La BCE estime que la hausse du chômage, inévitable, et la baisse des revenus qui y sera associée, devrait entraîner une chute généralisée du pouvoir d’achat pour une partie non-négligeable des européens. Mais voilà, le secteur a rappelé à chacun qu’il était essentiel. Ce qui, d’un point de vue purement économique, est très rassurant. En effet, les dépenses de télécommunication (forfaits mobiles et fixes) sont devenues incontournables dans le budget des ménages et aucune économie ne devrait être réalisée sur ce poste de dépense. Chez Moody’s, les craintes d’impayés sont jugées extrêmement modérées et ne devraient pas excéder les 1 % du total des consommateurs. Quelques inquiétudes subsistent
Si les perspectives demeurent rassurantes, quelques inquiétudes planent sur l’avenir du secteur qui, pendant la crise, a révélé son caractère hautement stratégique. Le secteur pâtît encore d’un manque de concentration du fait d’une multiplicité d’opérateurs au sein des pays-membres. S’ils ne sont que 4 aux États-Unis, pour 90 % des parts de marché et 3 en Chine, on en dénombre une centaine en Europe. Ce qui pourrait expliquer la stagnation économique des acteurs européens sur un marché international en mutation constante.

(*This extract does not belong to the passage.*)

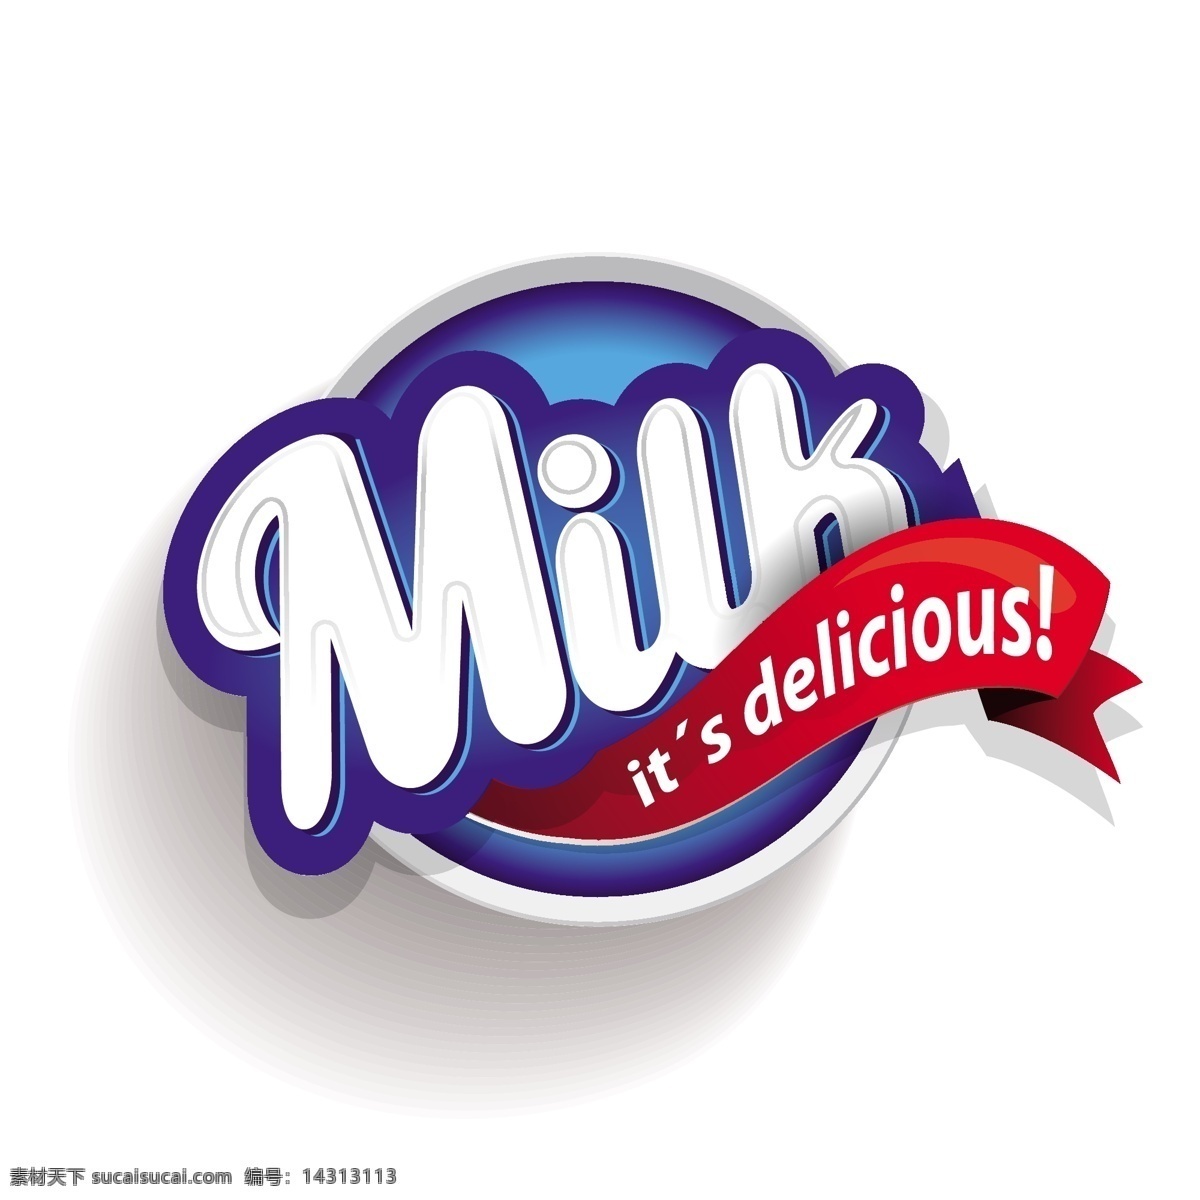 牛奶标志 牛奶 牛奶设计 牛奶图标 牛奶标签 牛奶商标 牛奶logo 抽象设计 牛奶广告 卡通背景 矢量设计 卡通设计 艺术设计 标志图标 标识标志图标 矢量

Difficile aussi, dans ce cadre, d’atteindre la masse critique nécessaire pour mobiliser les colossales capacités d’investissement nécessaires au déploiement des réseaux de nouvelle génération, comme la 5G. Sur ce point, les acteurs européens font face au regard suspicieux, voire au véto systématique, de la Commission européenne pour tous les mouvements de concentration sectoriels. Les telcos européens se heurtent aussi au mur réglementaire européen et aux particularités nationales, chaque État disposant de sa propre structure juridique dans ce domaine.
Dans un contexte troublé, le secteur des télécoms est, sans doute, l’un de ceux s’en étant le mieux sorti. Grâce à son caractère essentiel sans doute, mais aussi du fait de la solidité technologique des infrastructures et de la bonne résilience des acteurs aux chocs exogènes. Des prévisions rassurantes qu’assombrissent certaines inquiétudes dans un contexte où le secteur fait face à une concurrence chinoise et américaine toujours plus offensive.